Pyrosequencing assays for the detection SNPs leading to the exchanges E198A and F200Y in both H. contortus and T. circumcincta and F167Y in T. circumcincta were carried out as previously described [24, 62]. Primer information is given in Table 2.

Table 2

Description of primers used

Targeted trichostrongyloid species; primer name	Sequence 5′ to 3′	Size [base pairs]	Tm [°C]	Reference
Haemonchus contortus
HcPy2PCR For	GAC GCA TTC ACT TGG AGG AG	400	53	[24]
HcPy2PCR Rev	Biotin-CAT AGG TTG GAT TTG TGA GTT
Teladorsagia circumcincta
F200Y_FOR	Biotin- ACC TTA CAA TGC CAC TCT TTC TG	100	58	[62]
F200Y_REV	GCG GAA GCA GAT ATC GTA CAG
F167Y_FOR	GCA TTC TTT GGG AGG AGG TA	200	58
F167Y_REV	Biotin-TGC ACC TCG AGA ACC TGT ACA TA
Trichostrongylus colubriformis
FOR	TAC CCA GAT CGG ATT ATG TCT TC		58	[25]
REV	Biotin – GGC AAG TCG TGA CAC CAG ACA
Pyrosequencing primer
Hc200PySeq1 (Haemonchus, Codon 200)	TAG AGA ACA CCG ATG AAA	Not applicable		[24]
T. circ. F200Y_SEQ (Teladorsagia, Codon 200)	RGA GCY TCA TTA TCG ATR			[62]
T. circ. F167Y_SEQ (Teladorsagia, Codon 167)	CGG ATA GAA TCA TGG CT			[62]
T. colubriformis Codon 198_200	GCA GTA CTC GTG TC			[25]
T. colubriformis Codon 167	CGG ATA GAA TCA TGG CT

Abbreviations

AR Anthelmintic resistanceBZ Benzimidazole anthelminticsGIN Gastrointestinal nematodesSNP Single nucleotide polymorphismML Macrocyclic lactonesFECRT Faecal egg count reduction testEHT Egg hatch test

The PCR was conducted in 50 μl reaction volumes using the NovaTaq™ Hot Start PCR Master Mix Kit (Merck Millipore, Darmstadt, Germany). Each reaction contained 25 μl mastermix with a final MgCl2 concentration of 1.5 mM, 0.2 μM biotinylated primer, 0.4 μM of the non-biotinylated primer and 4 μl of template DNA. Using an Eppendorf MasterCycler Pro® (Eppendorf, Hamburg, Germany), reactions were incubated at 95 °C for 7 min followed by 45 cycles of 94 °C for 30 s, 58 °C (T. circumcincta) or 53 °C (H. contortus) for 30 s, 72 °C for 45 s and a final hold at 72 °C for 10 min. Five microliters of each PCR product were run on a 2% agarose gel, stained with Midori Green® DNA Stain (Nippon Genetics; Biozym, Oldendorf, Germany), subjected to vertical electrophoresis at a constant voltage of 120 V and scanned under UV light in a LumiBIS® (DNR Bio-Imaging System, Neve Yamin, Israel) to verify successful amplification. 45 μl of biotinylated PCR product were then used in each pyrosequencing assay.

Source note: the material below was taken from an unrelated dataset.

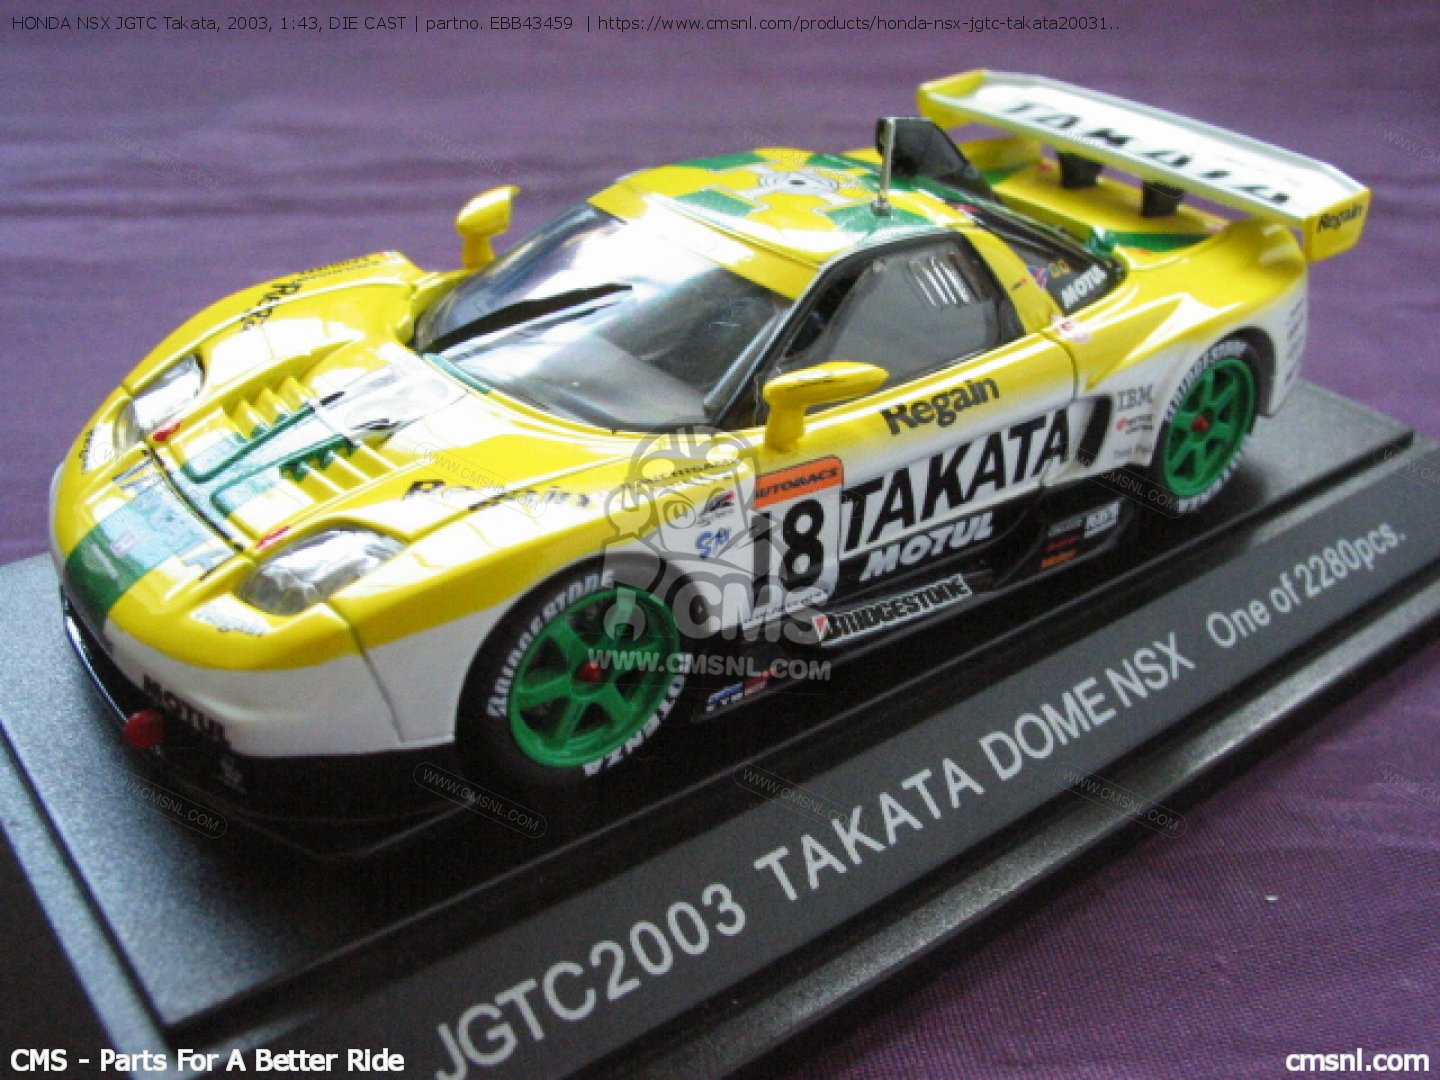 HONDA NSX JGTC Takata, 2003, 1:43, DIE CAST

Pyrosequencing reactions were performed targeting SNPs 167 and 198/200 in T. circumcincta and SNPs 198/200 in H. contortus using a PyroMark ID Pyrosequencer (Biotage, Uppsala, Sweden) following the manufacturer’s recommended protocol.

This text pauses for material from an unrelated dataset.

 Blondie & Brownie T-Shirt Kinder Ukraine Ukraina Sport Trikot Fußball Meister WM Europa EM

T. colubriformis assays were performed as described by Ramünke et. al. [25]. In brief, PCRs were conducted using Phusion® Hot-Start II High Fidelity DNA polymerase (Thermo Scientific, St. Leon-Rot, Germany). Reactions (50 μl) contained 200 mM dNTPs (Thermo Scientific), 250 nM of each primer, 1 U Phusion® polymerase and 4 μl genomic DNA. After an initial denaturation at 98 °C for 30 s, 40 cycles of denaturation at 98 °C for 10 s, annealing at a primer-pair specific temperature (Table 2) for 30 s and elongation at 72 °C for 30 s followed were performed before a final elongation at 72 °C for 10 min. PCRs were controlled by electrophoresis in 1.5% agarose gels stained with GR Green (Ozyme, Saint Cyr L’Ecole, France). Pyrosequencing assays were performed as previously described [63] using a PyroMark Q24 instrument and 22–45 μl of the PCR product.

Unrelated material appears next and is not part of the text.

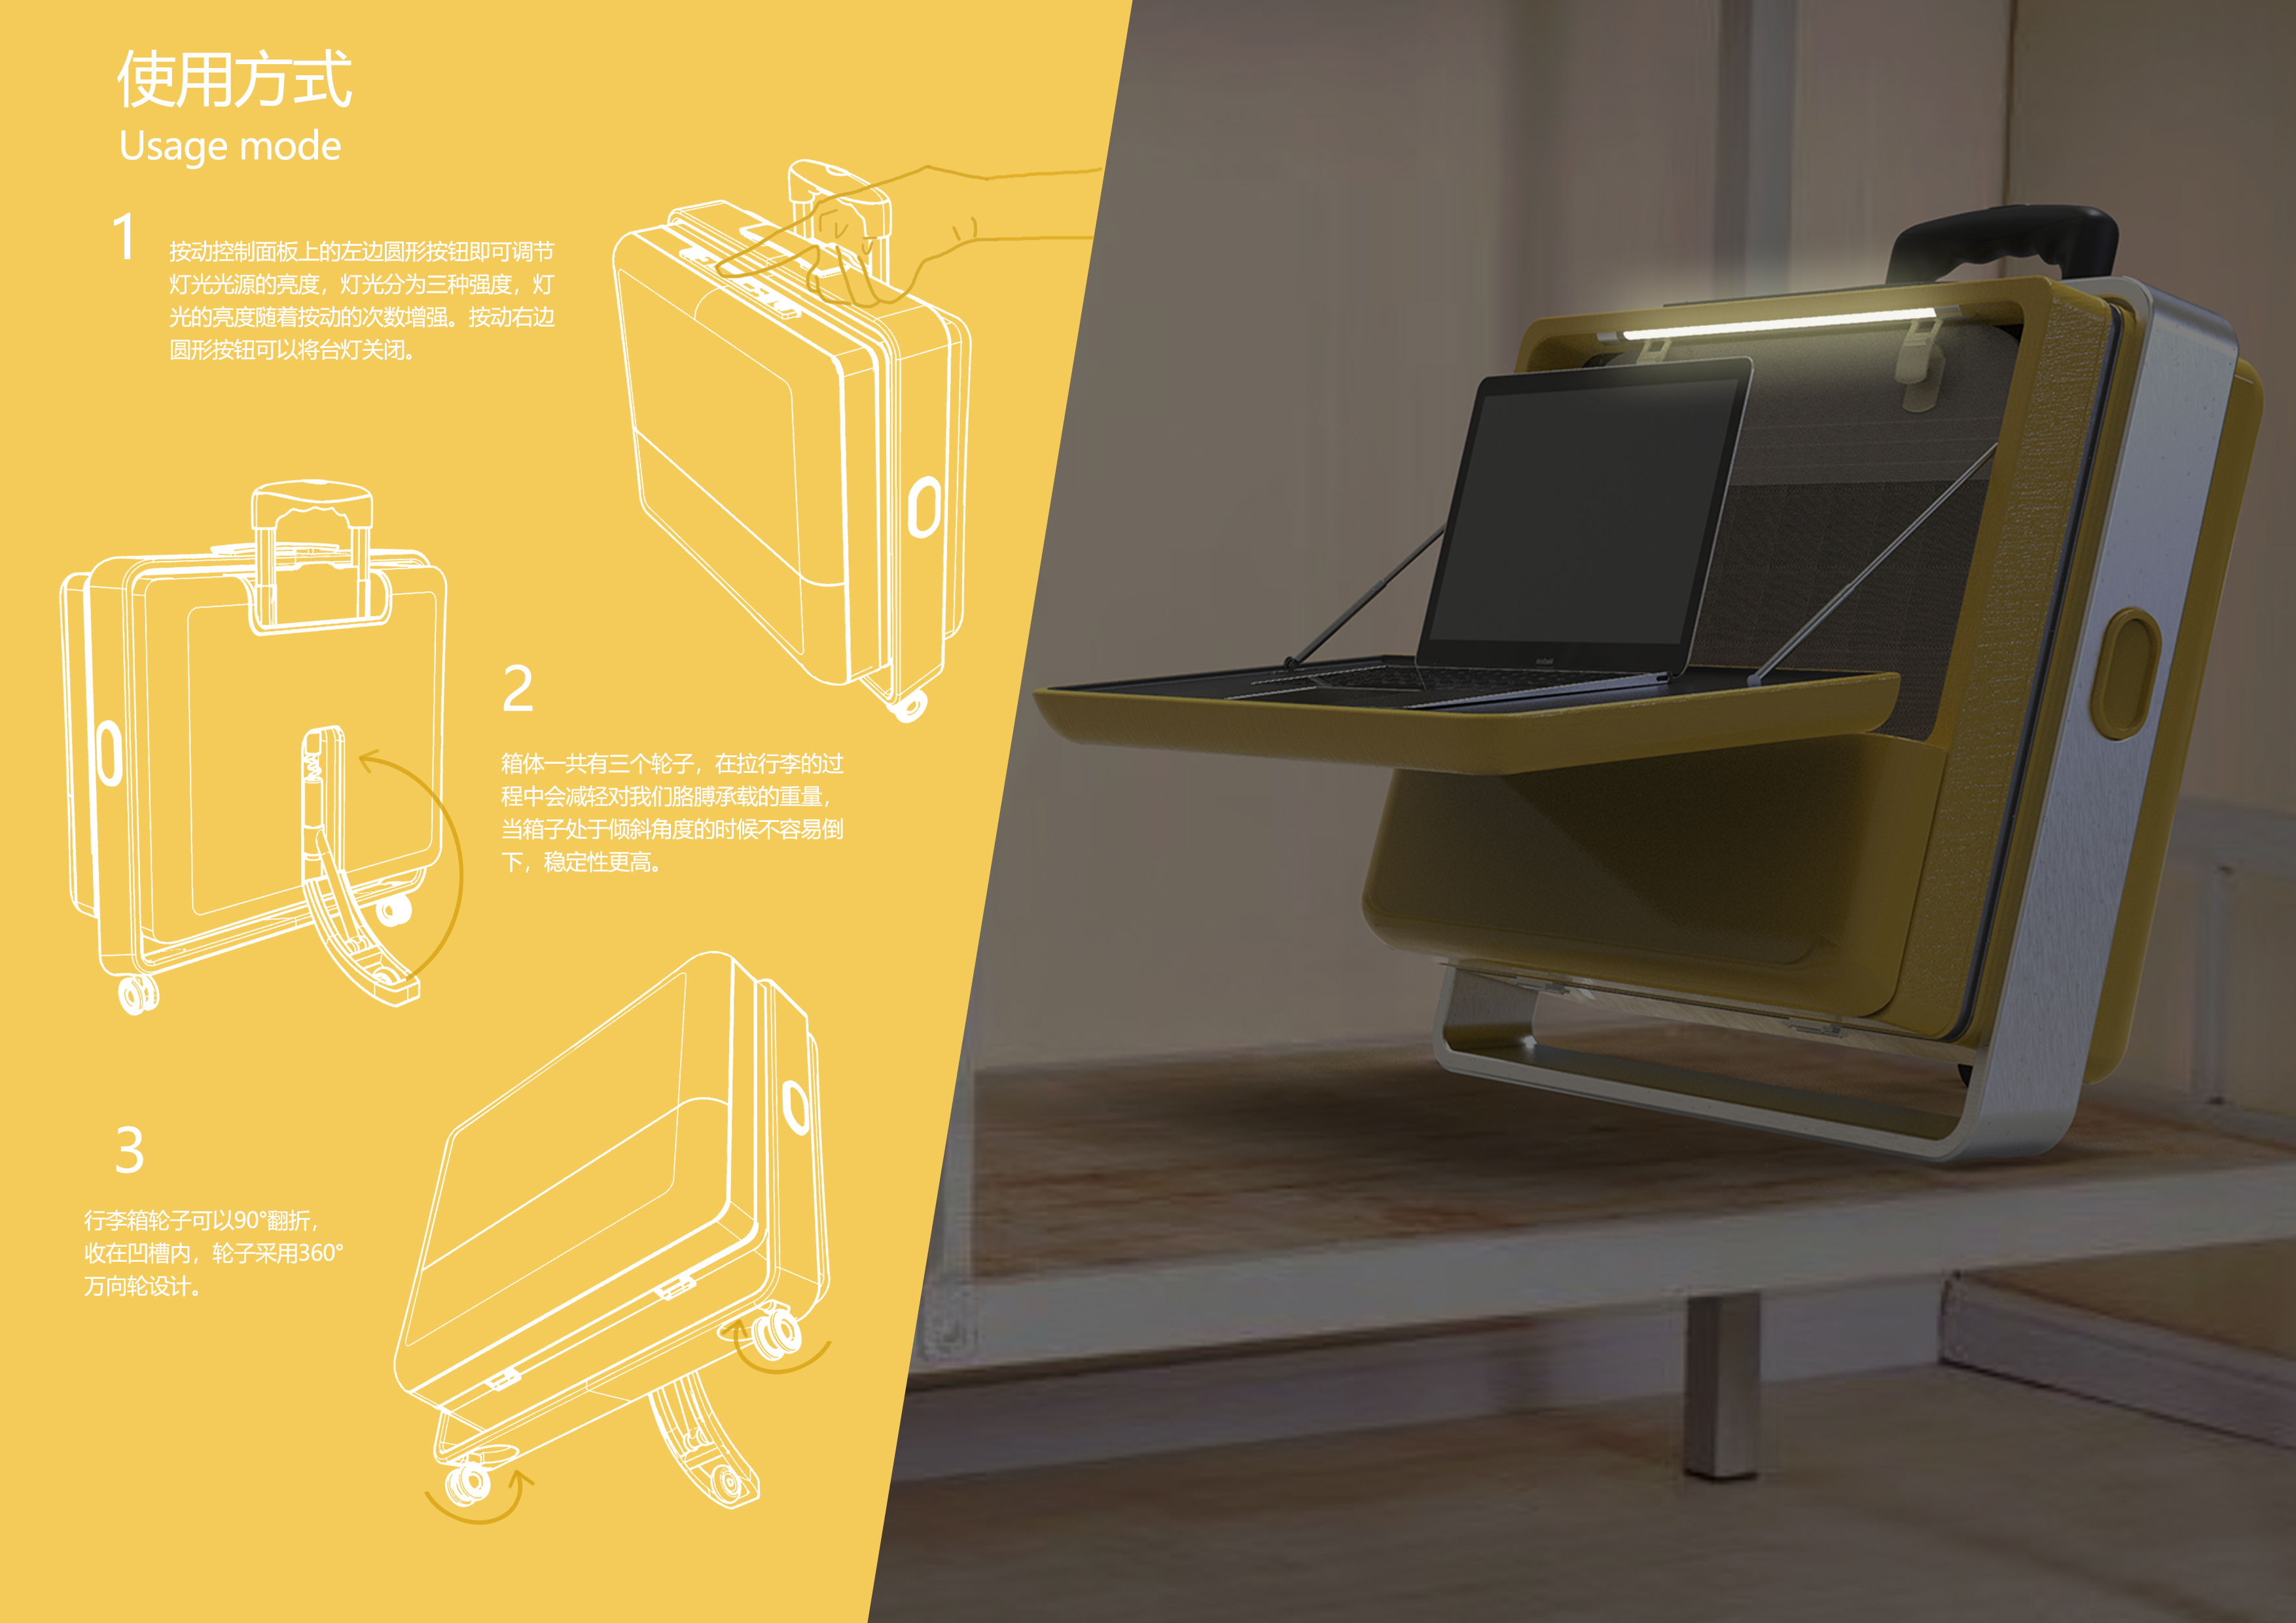 为学生设计的一款创意行李箱可当学习桌

For T. circumcincta and H. contortus, positive controls representing genomic DNA extracted from susceptible and resistant individual adults from each species were included in each assay. Assays for T. colubriformis were evaluated in separate runs using artificial mixtures of plasmid DNA containing the different SNPs as template. The frequencies of the resistance allele with values equal to or lower than 5% were considered as technical background and, therefore, not considered as resistant [37].